Изменить стиль страницы

Палаток в лагере оказалось куда меньше, чем предполагал Илья. Судя по всему, большая часть солдат ночевала прямо на песке, не утруждая себя сооружением укрытия.

Великий греческий флот тоже не оправдал ожиданий. Рассчитывавший увидеть леса мачт, Илья не сразу понял, что корабли, на которых легендарная армия явилась к Трое, на деле оказались просто очень большими вёсельными лодками, без мачт и парусов. И стояли эти лодки-корабли не на якорях рядом с берегом, а на окраине лагеря, вытянутые далеко на пляж и развернутые носами к морю. Просто раздолье для предприимчивого поджигателя. Одна искра — и всё, не будет у греков транспорта на обратную дорогу.

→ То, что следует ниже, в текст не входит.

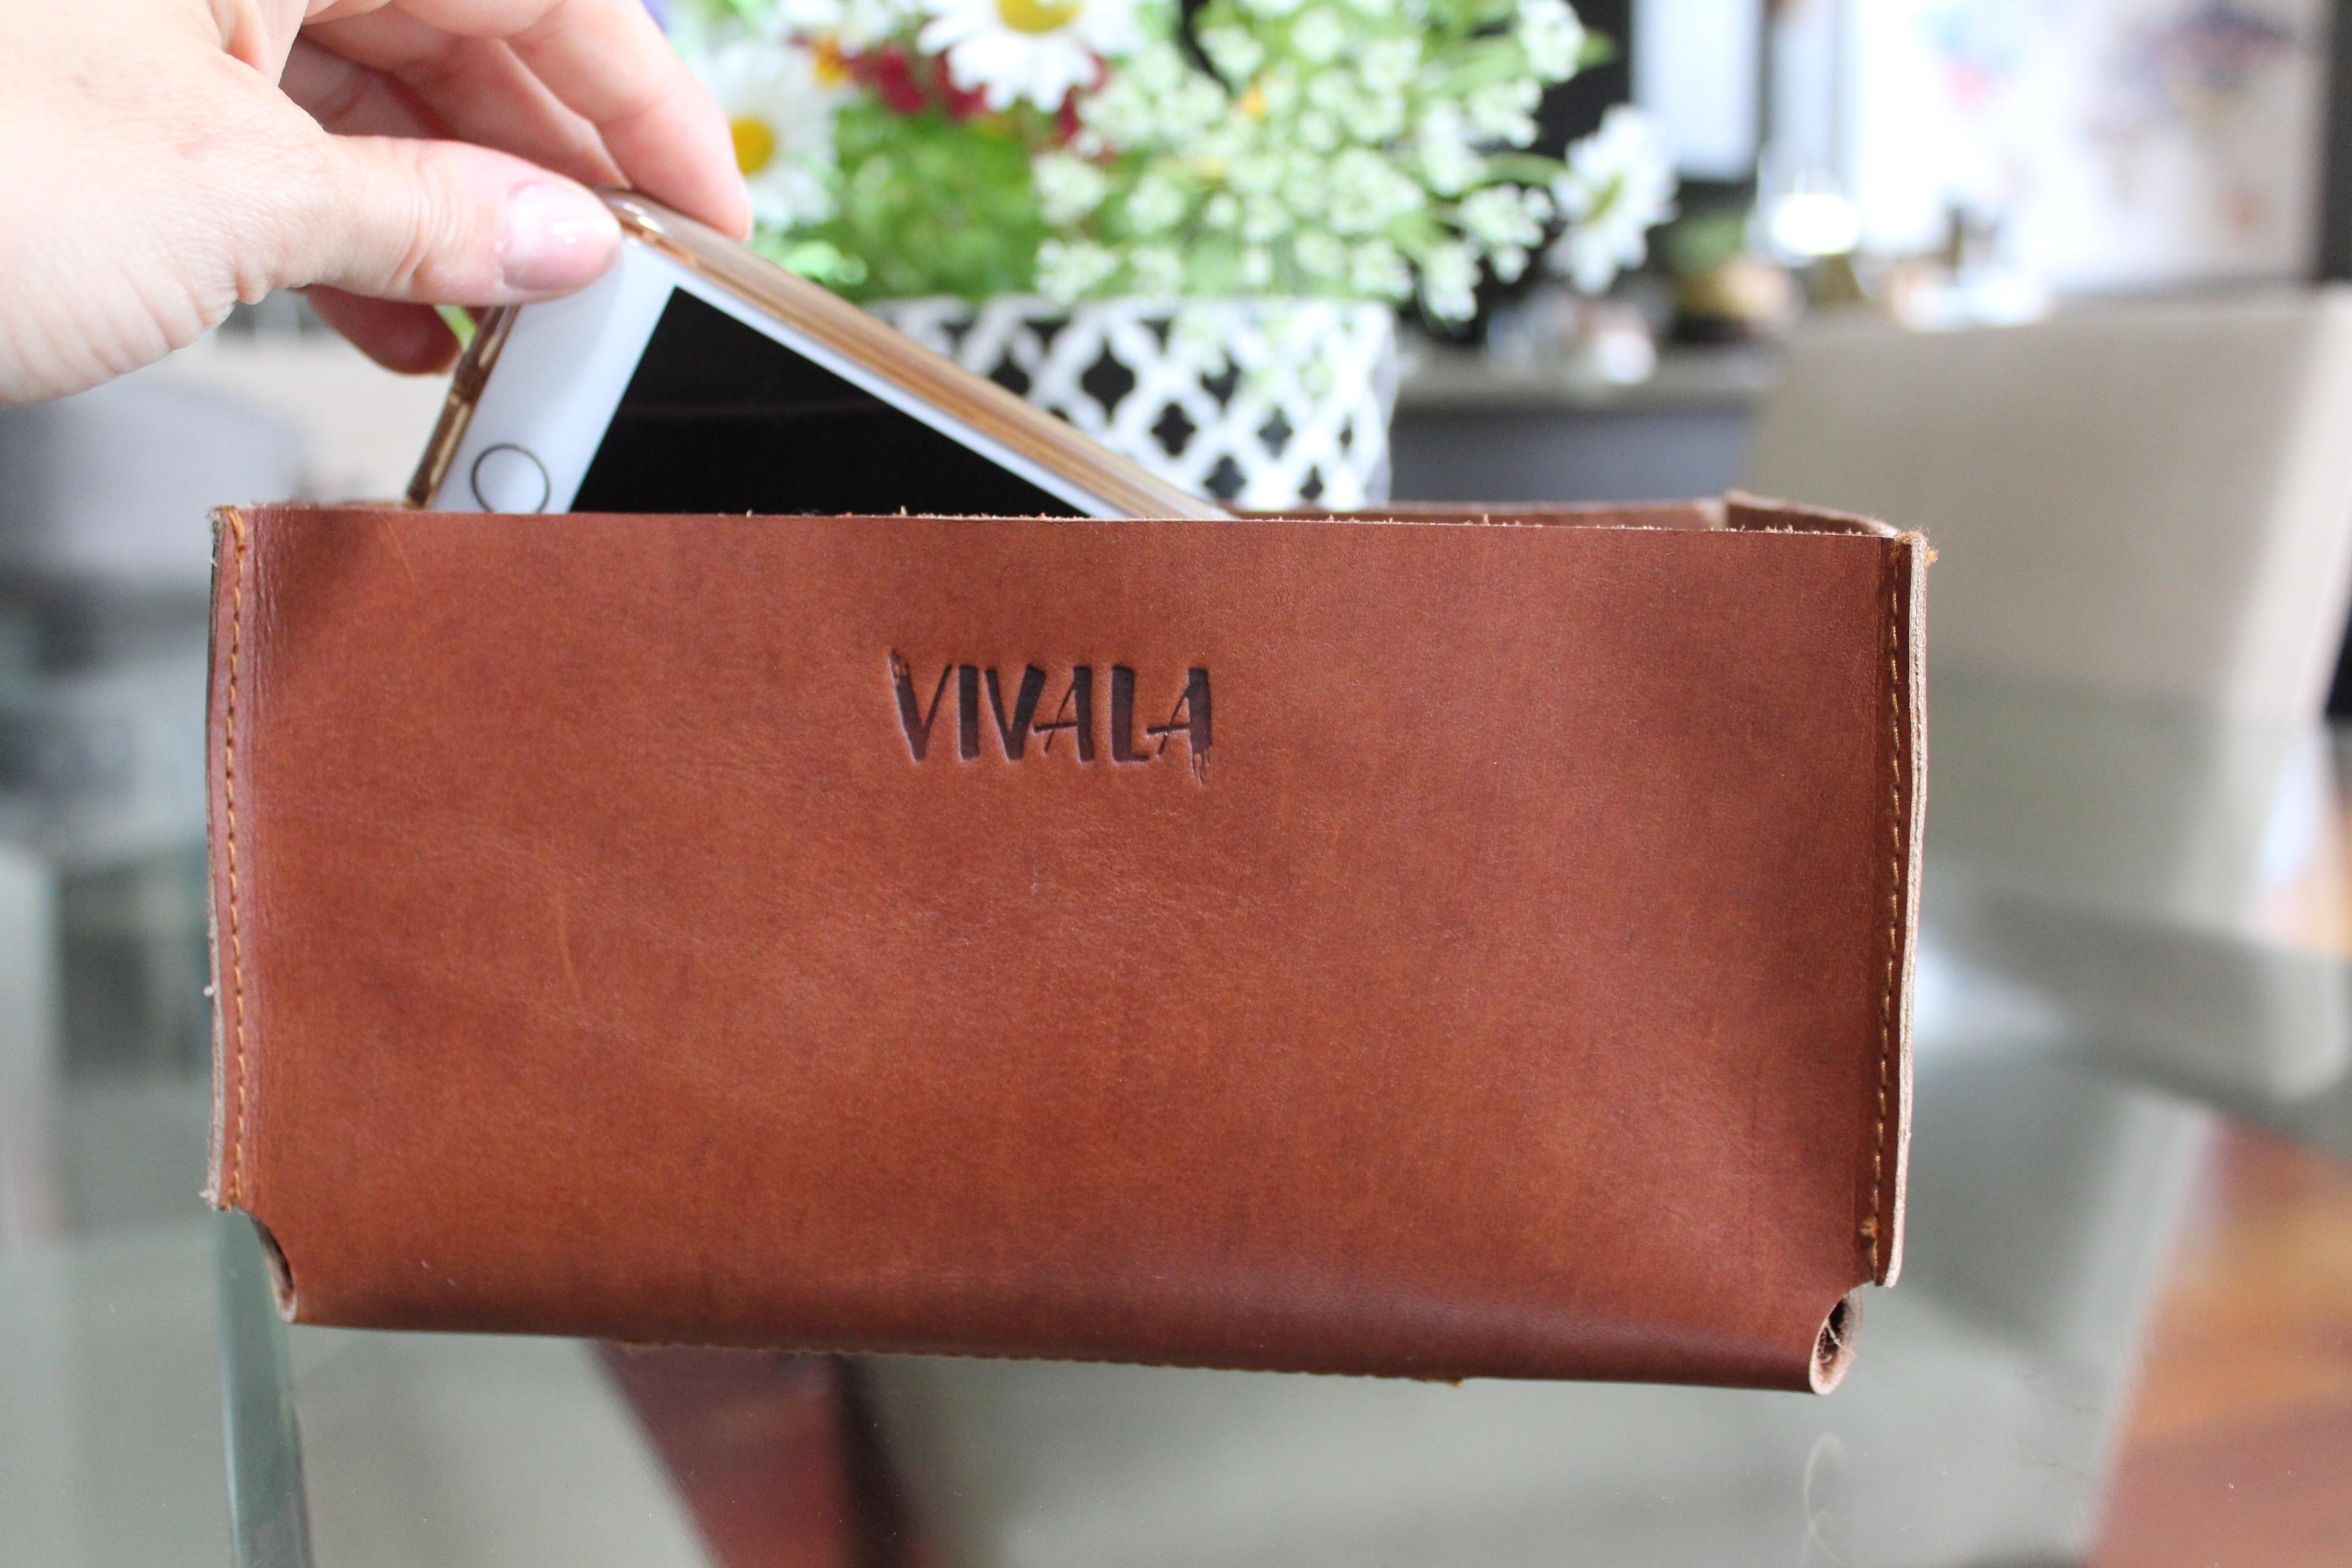 Vivala Offline

Ни рва, ни насыпи, ни каких-либо оборонительных сооружений вокруг лагеря Илья не заметил. Зато, повернувшись к морю спиной, разглядел вдалеке чёрные горбы то ли высоких холмов, то ли низких гор, силуэт прижавшегося к ним одним боком города, по-видимому, как раз легендарной Трои, и редкую, но длинную цепочку дрожащих огней справа от него — вероятно, лагерь троянских союзников.

Илья сделал несколько глубоких вздохов и, сжав влажные ладони в кулаки, решительно загашал вниз. От нервного напряжения в голове стало гулко и пусто, и только билась одна мысль — что, если греки сразу же увидят подмену?

Да, стилист постарался над лицом Ильи. Да, Катерина Федоровна внимательно изучила видеозапись с настоящим Ахиллом, вышедшим в проход у Шушмора, и сделала максимально идентичные доспехи. Да, сейчас в лагере темно, так что никто его не сможет хорошенько рассмотреть; к тому же он надел шлем, скрывающий едва не всё лицо. Но остаётся ещё так много! Голос, манера разговора, жесты, реакции, поведение… Что с ним сделают греки, если распознают подмену?

Илью заметили издалека. Он ещё даже не подошёл к кострам на самой окраине лагеря, а сидевшие у них греки уже вскочили на ноги. Несколько мгновений напряжённо рассматривали приближавшуюся в полутьме фигуру, а затем кто-то нерешительно произнёс:

— Ахилл?

Илья нервно сглотнул, но не замедлил шага. Он не может показать, что ему страшно; он должен вести себя как положено герою — мужественно.

«Мужество — это искусство бояться, не подавая виду». Когда-то давно Илья услышал эту фразу от Василия, и сейчас она пришлась как никогда кстати.

По мере приближения к кострам колеблющийся свет выхватывал всё больше деталей облачения Ильи — характерный гребень на шлеме, узоры на доспехах, заклёпки на щите…

— Ахилл, — уже более уверенно повторил один из греков.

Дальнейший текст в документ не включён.